- The Washington Times - Thursday, April 1, 2010

After two weeks, four rounds, 61 games, a bevy of buzzer-beaters and a bracket-wide Attack of the Cinderellas, the Final Four kicks off Saturday in Indianapolis.

And, as happens almost every year, the NCAA Tournament is rich with drama: from the improbable rise of little Butler University and its stat-happy young coach, to West Virginia native Bob Huggins leading his alma mater to the promised land, to the unflappable Tom Izzo and his relentless Michigan State Spartans.

And then there’s Duke.

The only No. 1 seed left in the tournament, the Blue Devils bring their national following and America’s Coach to the mix, much to the relief of ratings-hungry CBS — not to mention the NCAA itself, which is weighing the possibility of going after a new TV contract this summer.

Like the Yankees and the Cowboys, Duke is a love-‘em-or-hate-‘em polarizer, a team that stirs passions for and against. And CBS, though it would never admit it, has to be hoping the Blue Devils vanquish West Virginia Saturday and deliver another huge Duke audience on Monday, like it did in 2001, the last time the Blue Devils won the national championship.

That championship and three decades of other March Madness runs made Blue Devils Coach Mike Krzyzewski the most accomplished basketball coach in the NCAA, but his role in leading USA Basketball to the gold in China took him to a new level.

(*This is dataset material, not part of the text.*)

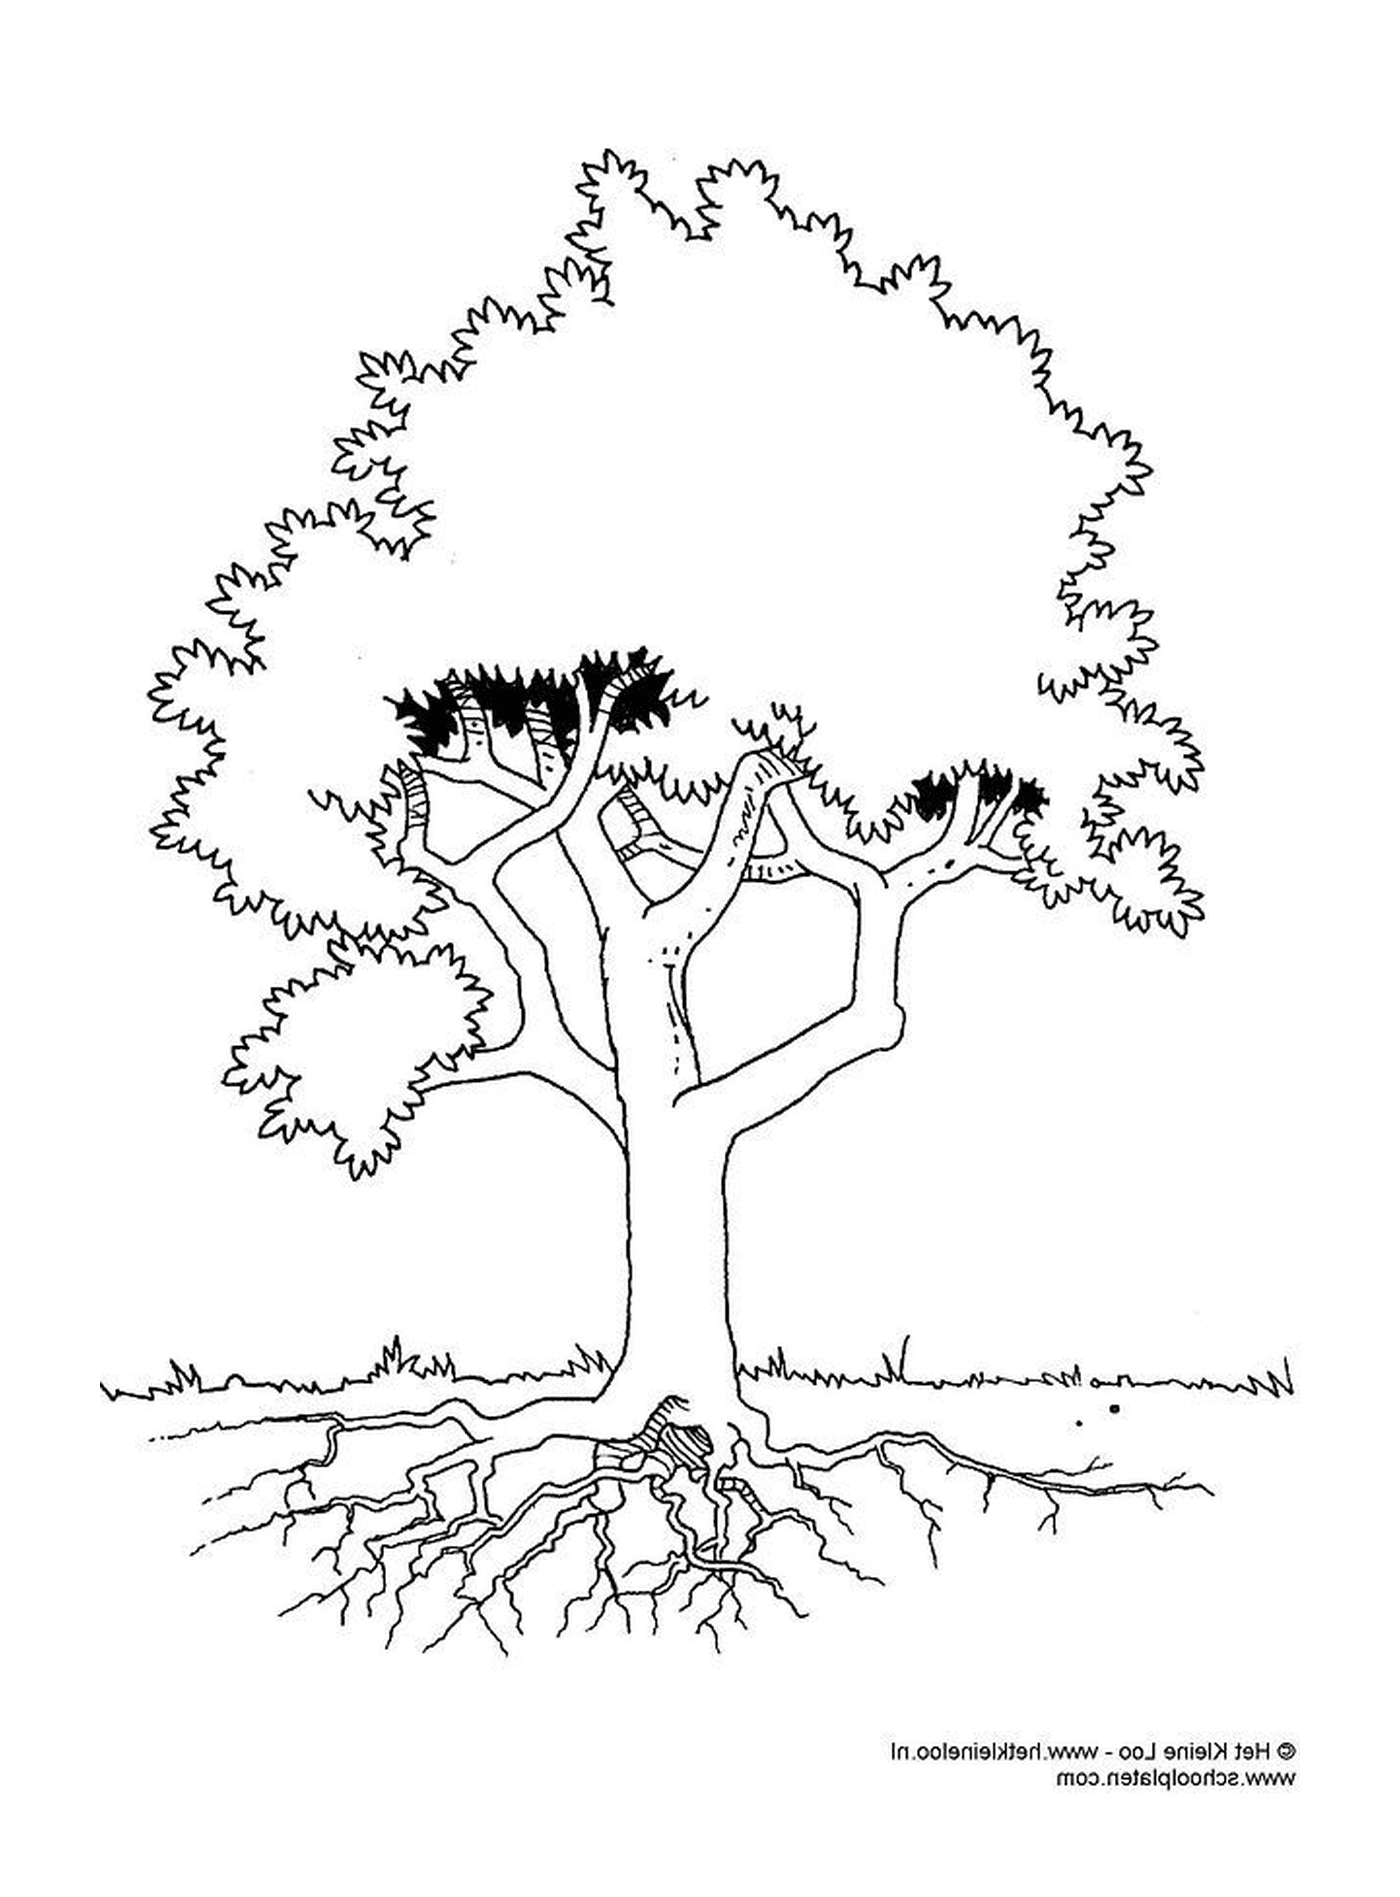  Uma árvore com raízes

And working with the NBA superstars on that Olympic team — Kobe Bryant, LeBron James and all the others — apparently made an impression on the coach himself.

Upperclassmen on his current squad say control-freak Krzyzewski came back to Duke with a mellower approach to working with players.

The other three members of the Final Four bring their own compelling stories to the dance.

West Virginia’s Huggins grew up idolizing the legendary Jerry West, who led the 1959 Mountaineers to the championship game, only to lose by one point. West’s son is a member of Huggins squad.

And the Spartans have reminded everyone of Izzo’s brilliance: six Final Fours in 12 years.

But the Spartans will have to go through Butler to get to the final against Duke or West Virginia.

People who have watched Butler this year insist this tough, experienced team isn’t a Cinderella. But if they end up in Monday night’s championship, they may as well wear the glass slippers — they’re going to go down in tournament lore as the little team that could.

The Bulldogs’ 33-year-old Brad Stevens is one of the new generation of coaches who think the creative use of statistical analysis could challenge conventional thought in basketball in the same way that it has in baseball.

In Indianapolis, Butler’s mostly home-grown team of real-life Hoosiers will be playing for the national championship just a few miles from the university’s campus of about 4,000 students.

How irresistible is that?

Just another typically thrilling final act for the Final Four, which year-after-year remains the most consistently, reliably entertaining event in sports.

The Super Bowl disappoints as often as it exhilarates; baseball is divided into haves and have-nots; and as for the NBA, the proof is in the Nielsens.

With no Michael Jordan and far too many four-game sweeps in seven-game series, the NBA has been in a ratings decline for years.

Monday night’s NCAA championship, whoever plays, will probably pull in close to 20 million viewers nationwide.

The NBA? If trends from the past decade continue, the league will be hard-pressed to do half that — especially if anyone displaces Kobe Bryant and the star-studded Lakers from this year’s Finals.